教育福島0216号(1999年(H11)01月)-036page
研究実践
「身近な環境にかかわりながら、主体的に遊べる子どもを育てるための援助はどのようにしたらよいか」
岩代町立新殿幼稚園
一 研究主題設定の理由
幼児期の育ちは、人間としての健全な発達や社会の変化に主体的に対応できる能力を培う上で、基礎になるものであると言われている。
本園での幼児の日常生活から、次のような問題点が見えてくる。
〇テレビやファミコンが幼児の生活に入り込み、直接体験が少ない。
〇少子化により、親や祖父母が過保護や過干渉になり、主体性や自立性が充分身に付かず依存的になりがちである。
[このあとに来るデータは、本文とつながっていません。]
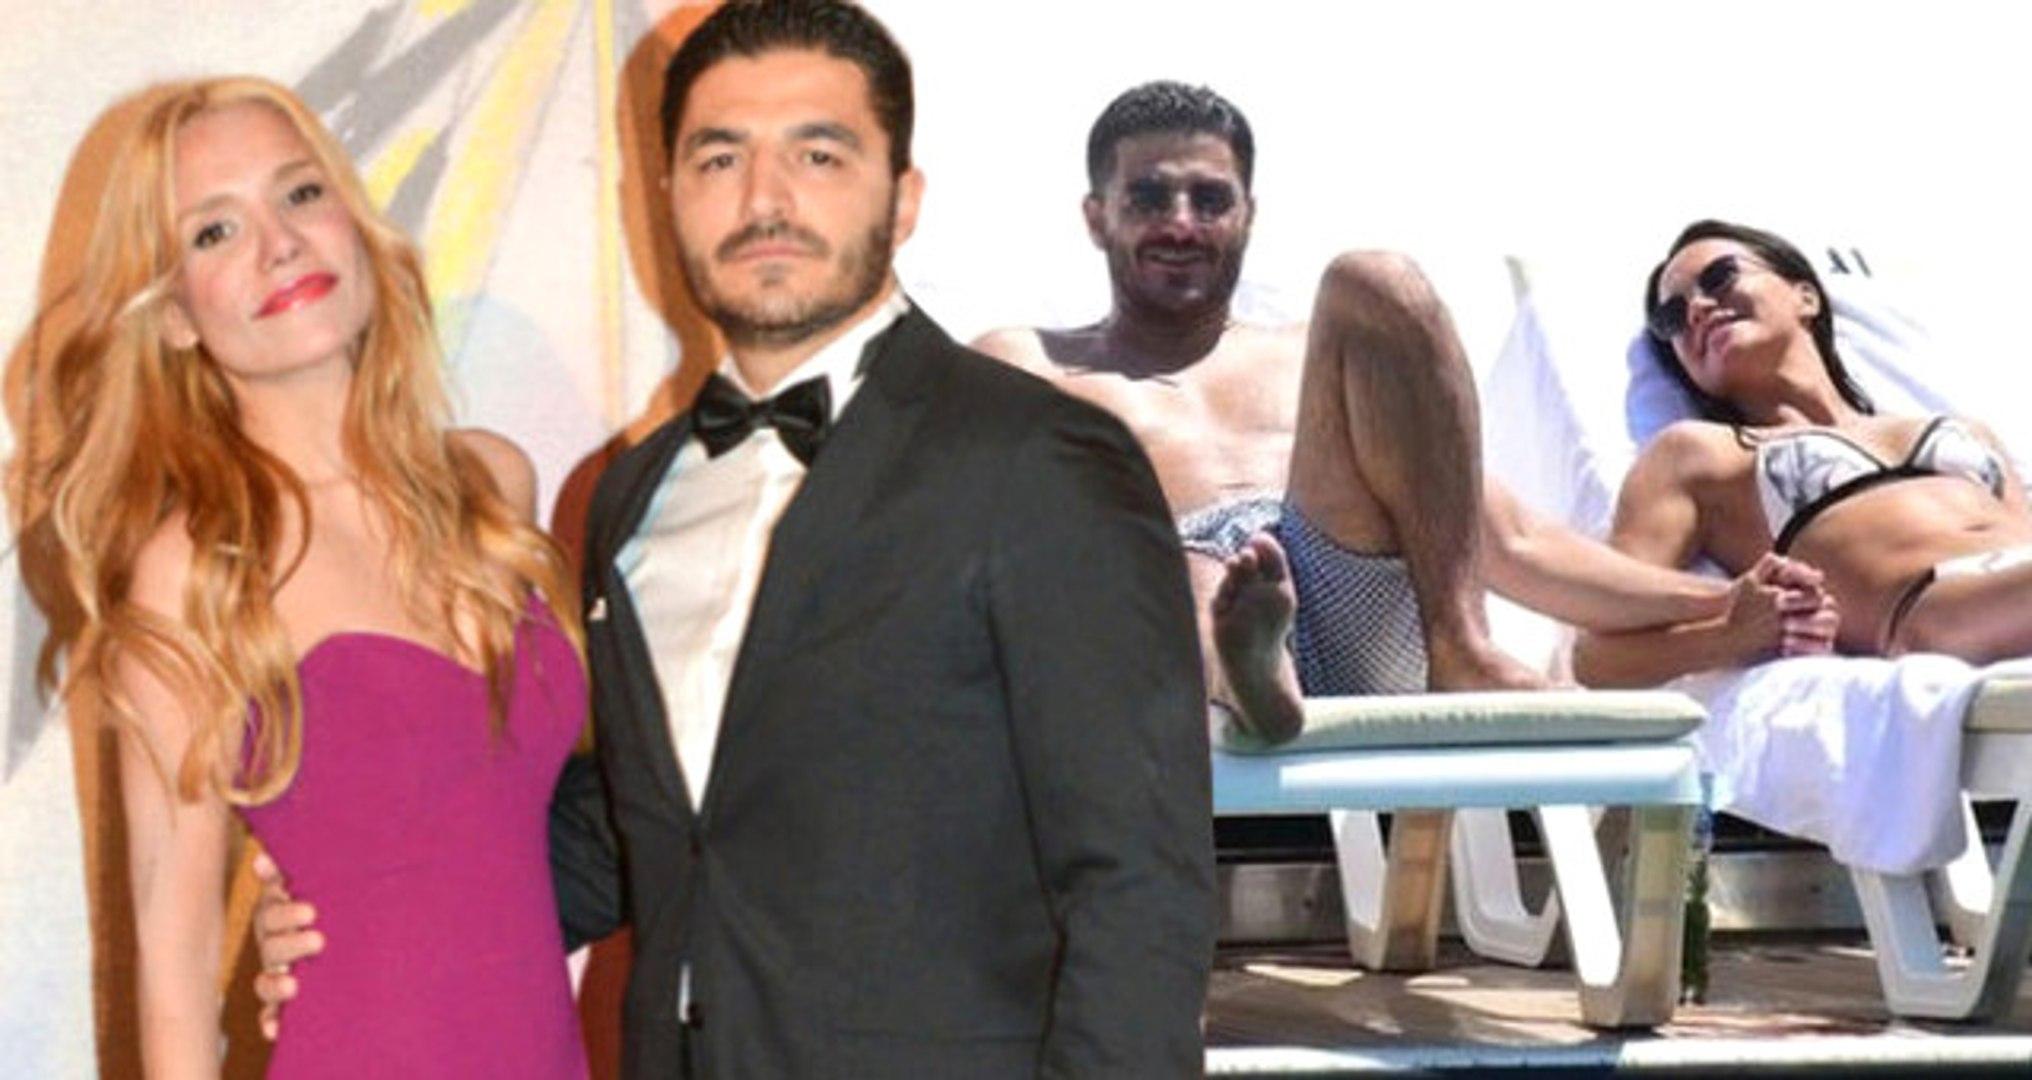 Karısını Ebru Şallı ile Aldatan İş Adamı: Eşimin Raporu Var Çıkıp İfşa mı Edeyim?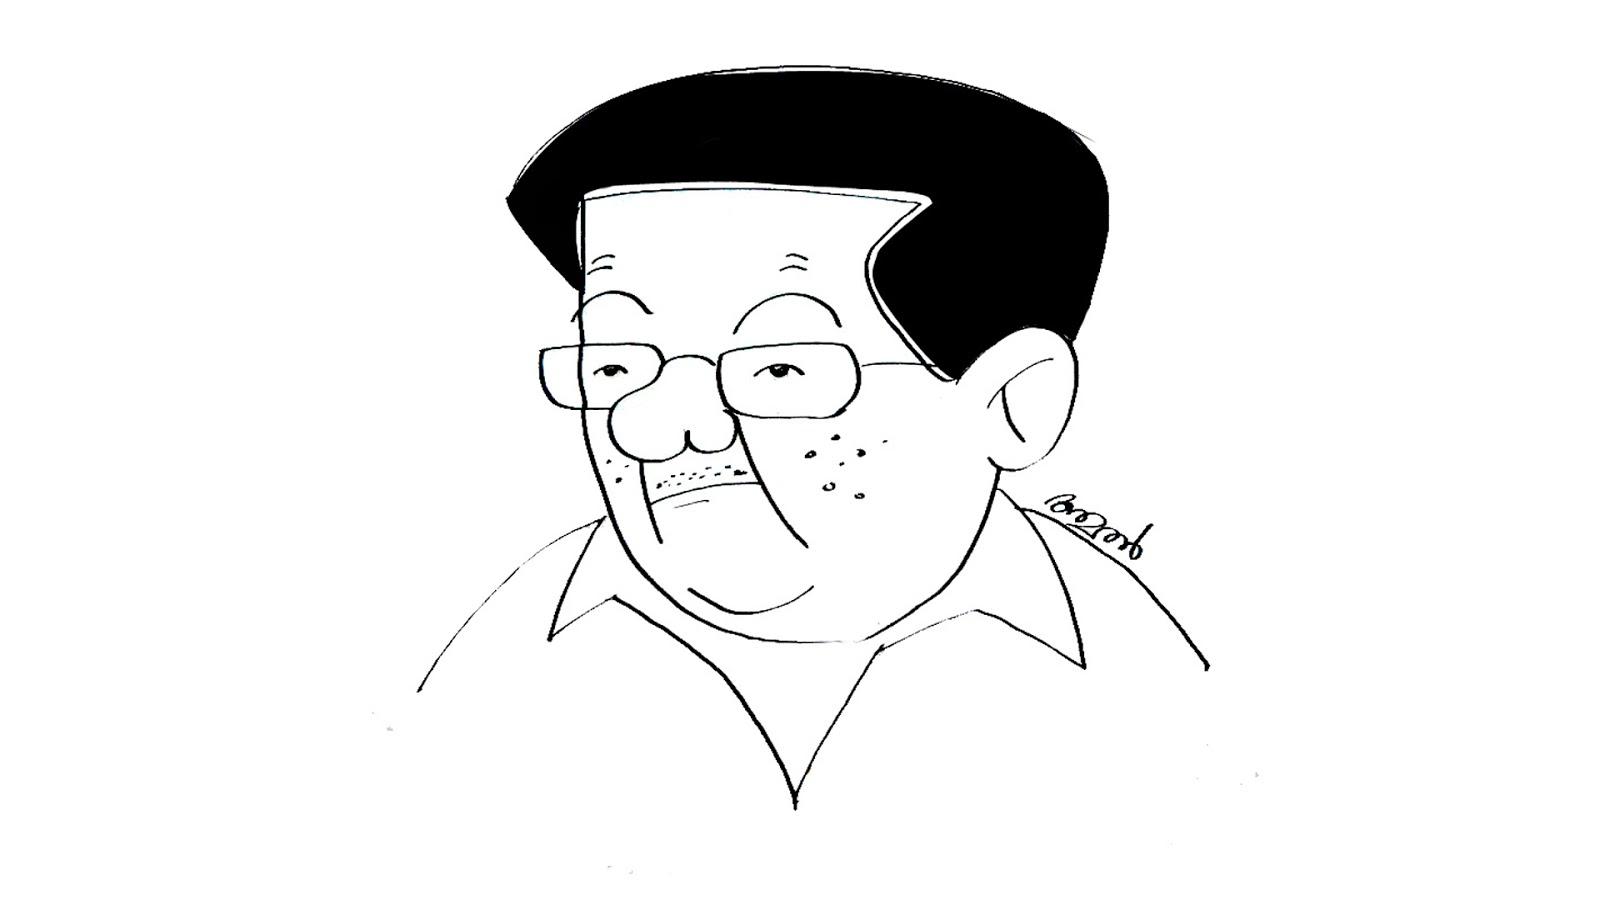 Cartoons By Amal: How to draw Pinarayi Vijayan Cartoon

〇過疎化により同年代での遊びが困難になり、友達とのかかわりの経験が少ない。
以上の問題点を考慮し、幼児自ら環境に働きかけ、自分で行動し工夫して遊べるようになるためには、一人一人の発達や興味・欲求をどのように受け止め、どのような環境の構成や援助をすれば良いか実践を通して探るため標記主題を設定した。
二 研究の見通し
幼稚園生活の中で幼児の興味・関心や育ちを捉え、それらを生かした援助をすれば身近な環境に進んでかかわるようになり、自ら遊びを考えたり工夫したりできるようになるのではないか。
三 研究の内容と方法
(1) 幼児の興味・関心や育ちを探るための幼児理解に努める。
〇幼児が何を感じ、何を考え、今どんなことをしたいのかを言動や表情から捉える。
〇幼児の理解を深めるために職員間で話し合う。
〇家庭との連携を図る。
(2) 幼児が自ら遊びに取り組むための環境の構成や援助の在り方を探る。
〇幼児の興味・関心に応じたいろいろな体験のできる環境づくりをする。
〇幼児の育ちに応じた、具体的な働きかけをする。
四 研究の実践
−自分から環境にかかわっていった例−四歳児五月中旬
〇保育者の願い
いろいろな環境に気づいてかかわってほしい
〇幼児の姿
保育者が作っておいた池に雨水がたまり、N子がその場で、枯れ枝とひもで魚釣りの動きを始めた。A子がやって来て、桜の葉を魚に見立て始めた。
幼児の姿 思い
〇N子とA子がつった魚(桜の葉)を食べるまねをしている。
あっ、おもしろそう。先生のように私もやってみたい。
〇N子「私、魚焼く」
〇A子「箸も皿もないよ」とままごと道具を保育室から持ってくる。
〇N子「お母さん、魚焼けたから食べましょう」
教師の援助 願い・読みとり
○「あら、おいしそう」とそばに行っていっしょに 食べるまねをする。
○「先生は魚を焼いて食べたいな」と網とござを用意して焼く動きを出してみる。
桜の葉を魚に見立てたのはいい考えだな。イメージをふくらませて遊びが続いてほしい。
〇ままごとに参加しながら、様子を見守る。
遊びに楽しさを感じると、自分から必要なものを持ってきて、やろうとするようになっているな。